Though circuit switching has no overhead, but a link has to be built for only two peers, once there are less data or even no data transfer on the link, the line utilization will not as high as packet switching. For packet switching, although there are overhead for each packet, when a source does not have data to send, it will not be allocated bandwidth, and the bandwidth is available for other sources. In practice, there are always packets of different sources running on the line. So the utilization of packet switching is much higher than circuit switching. CS: L/B+S+D*N=432/9600+0.2+0.001*4=0.249 PS: (D+P/B)*(L/ (P-H)) + (D+P/B)*(N-1) = (0.001+1024/9600)*(4032/(1024-16))+(0.001+1024/9600)*(4-1) =0.4307+0.323 =0.7537 MS: (D+L/B)*N= (0.001+4032/9600)*4=1.684

Q3 (a)What information is used by a process running on one host to identify a process running on another host? The IP address of the destination hosts and the port numbers of the destination socket. (b)Describe why Web caching can reduce the delay in receiving a requested object. By storing previously retrieved objects, Web caching can reduce object-retrieval delays and diminish the amount of Web traffic sent over the Internet. A Web cache can substantially reduce the response time for a client request, particularly if the bottleneck bandwidth between the client and the origin server is much less than the bottleneck bandwidth between the client and the cache. If there is a high-speed connection between the client and the cache, as there often is, and if the cache has the requested object, then the cache will be able to rapidly deliver the object to the client. (c)Compare the operation of HTTP persistent and HTTP non-persistent connections. In your answer discuss the impact of each method on the operation of the transport protocol for the connection. In HTTP non-persistent connections, each TCP connection is closed after the server sends the object -- the connection does not persist for other objects. Note that each TCP connection transports exactly one request message and one response message. Non-persistent connections have some shortcomings. First, a brand new connection must be established and maintained for each requested object. For each of these connections, TCP buffers must be allocated and TCP variables must be kept in both the client and server. This can place a serious burden on the Web server, which may be serving requests from hundreds of different clients simultaneously. Second, as we just described, each object suffers two RTTs -- one RTT to establish the TCP connection and one RTT to request and receive an object. Finally, each object suffers from TCP slow start because every TCP connection begins with a TCP slow-start phase. However, the accumulation of RTT and slow start delays is partially alleviated by the use of parallel TCP connections.

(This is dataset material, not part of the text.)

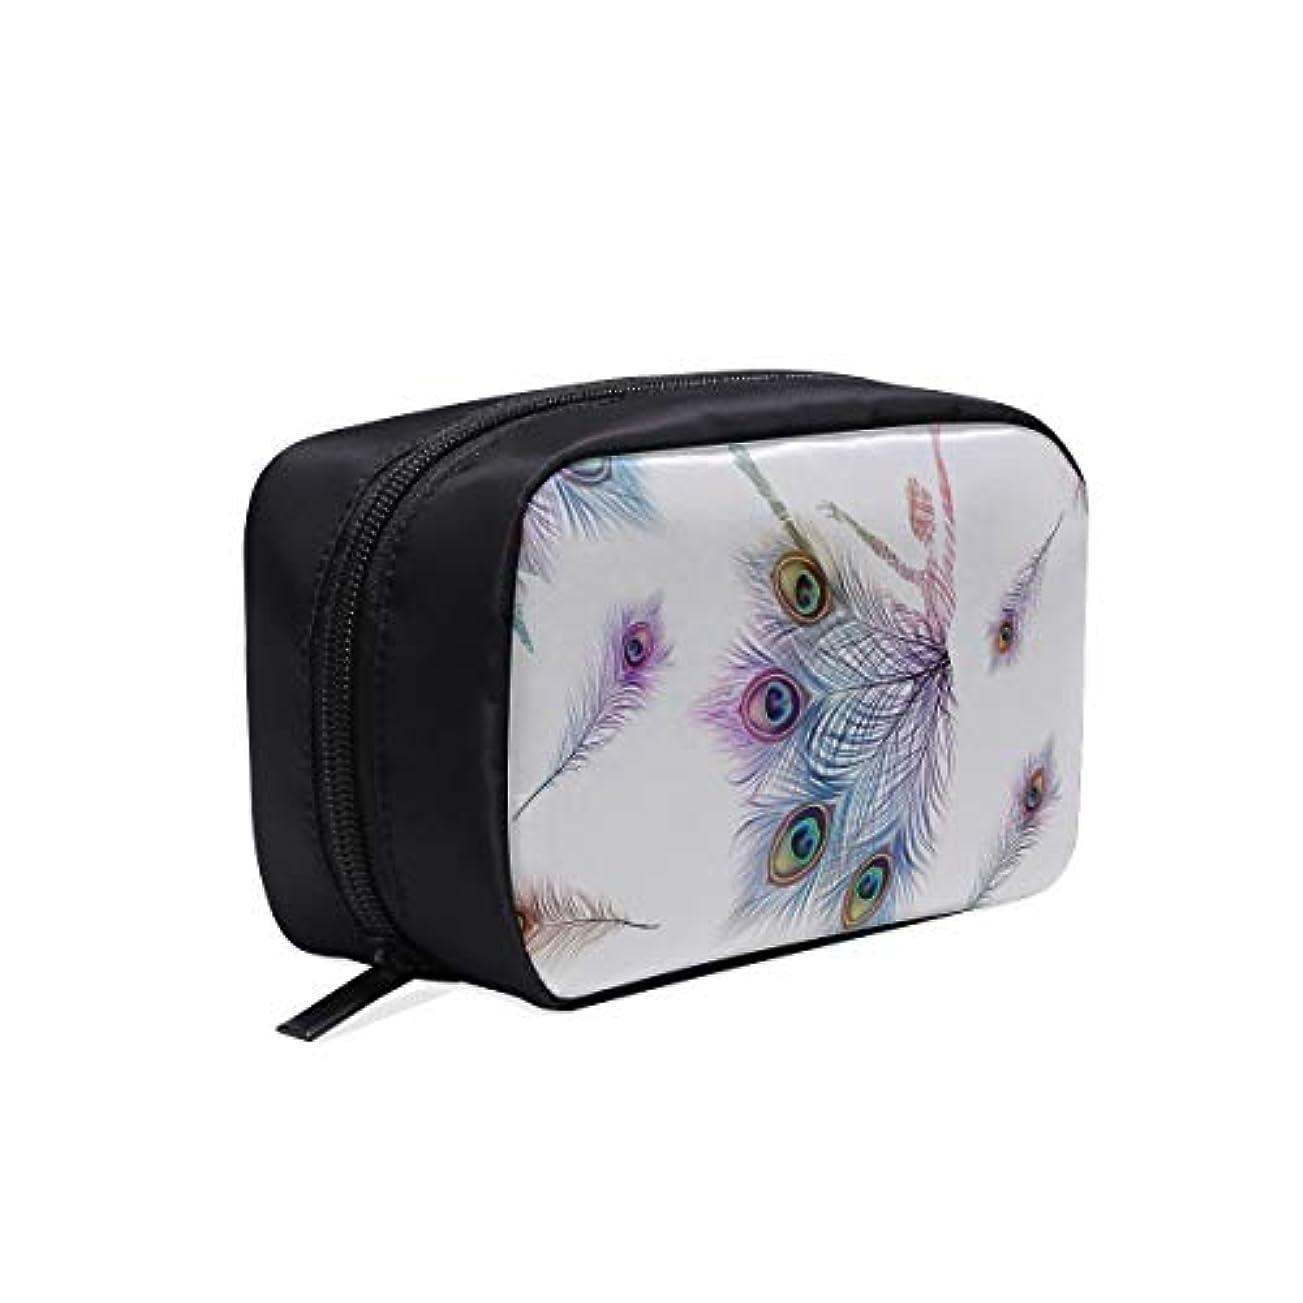 代名詞アクティビティ回想GXMAN メイクポーチ バレエ ボックス コスメ収納 化粧品収納ケース 大容量 収納 化粧品入れ 化粧バッグ 旅行用 メイクブラシバッグ 化粧箱 持ち運び便利 プロ用

With persistent connections, the server leaves the TCP connection open after sending responses. Subsequent requests and responses between the same client and server can be sent over the same connection. In particular, an entire Web page (in the example above, the base HTML file and the ten images) can be sent over a single persistent TCP connection; moreover, multiple Web pages residing on the same server can be sent over one persistent TCP connection. (d)Adaptive applications are designed to adapt to the currently available bandwidth and to variations in packet delay experienced in the network. Discuss the impact of adaptive applications on the Quality of Service the user experiences. Due to human perceptual factors, those minimal levels of bandwidth are not very useful, so that at low bandwidths the marginal utility of additional bandwidth is fairly small. Similarly, at high bandwidths the signal quality is quite good and so the marginal utility of additional bandwidth at high bandwidths is also small. At intermediate levels, when the signal quality first starts to be viable, the marginal utility of extra bandwidth is significant.